Использование SNP-маркеров позволило более точно охарактеризовать адаптивные особенности популяций, выявив отклонения от нейтральности и указывая на наличие локусов, связанных с адаптацией к специфическим условиям среды. Эти данные подчеркивают необходимость интеграции нескольких типов молекулярных маркеров для комплексного анализа генетического разнообразия на популяционном уровне и оценки состояния генофондов популяций.

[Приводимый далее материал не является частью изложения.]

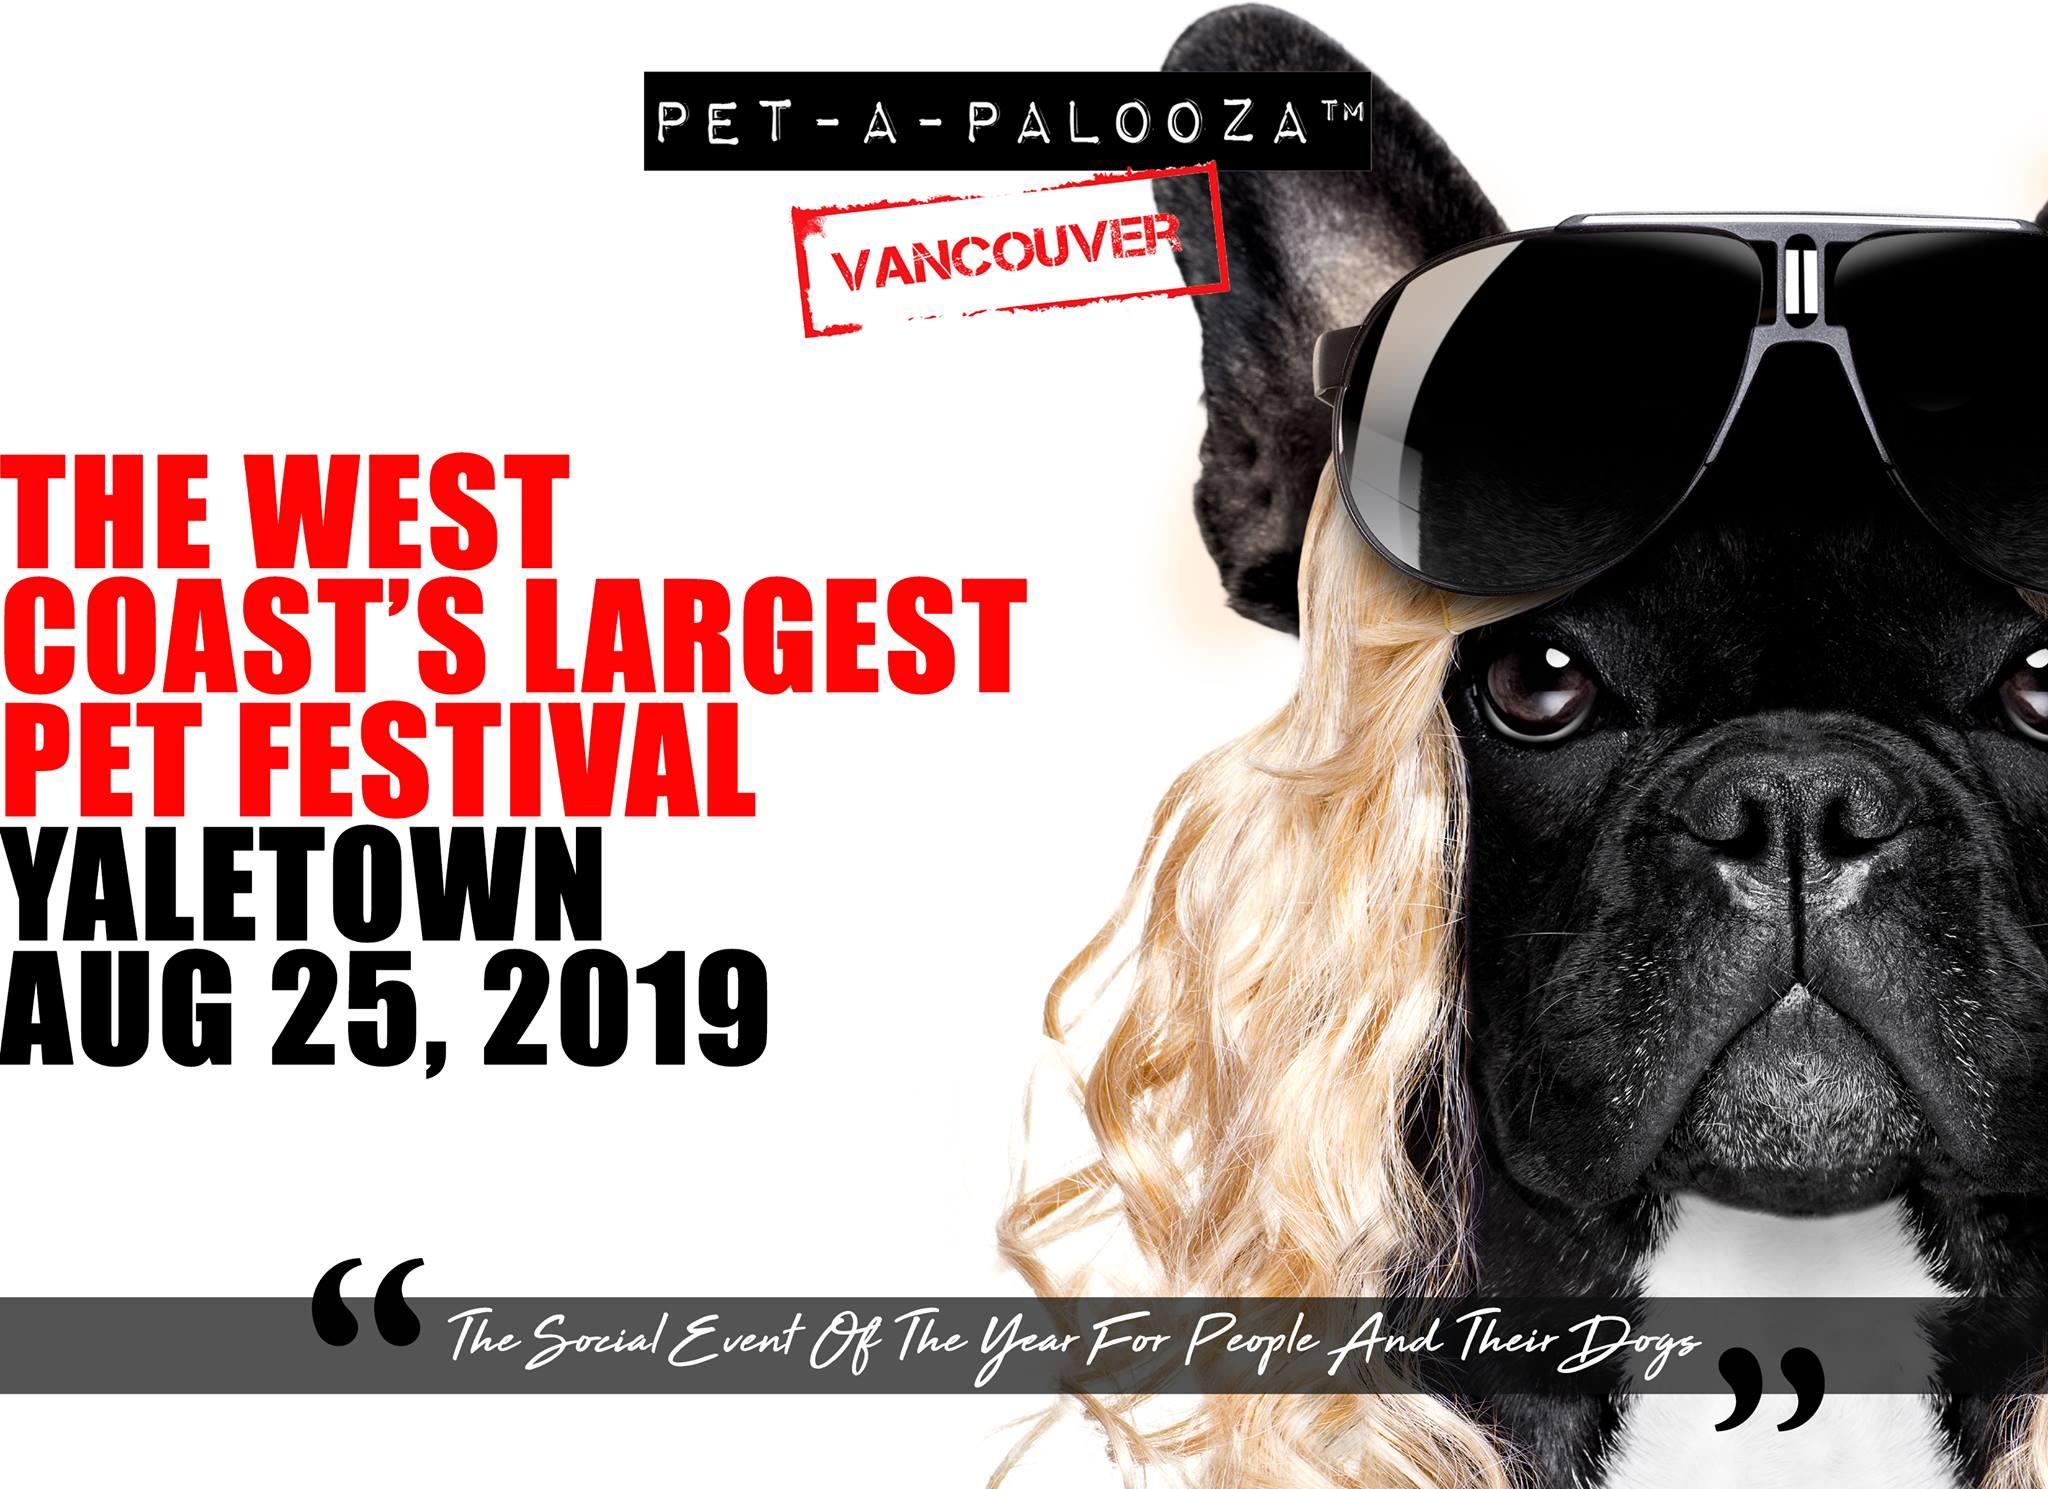 pet-a-palooza vancouver 2019

Полученные результаты имеют большое значение для разработки стратегий сохранения и управления генофондом сосны обыкновенной. Дифференцированный подход, включающий сохранение как типичных, так и специфичных популяций, позволит эффективно поддерживать генетическое разнообразие вида. В условиях усиливающегося воздействия антропогенных факторов и климатических изменений сохранение генетического ресурса сосны обыкновенной становится важной задачей для обеспечения устойчивости экосистем и сохранения биоразнообразия.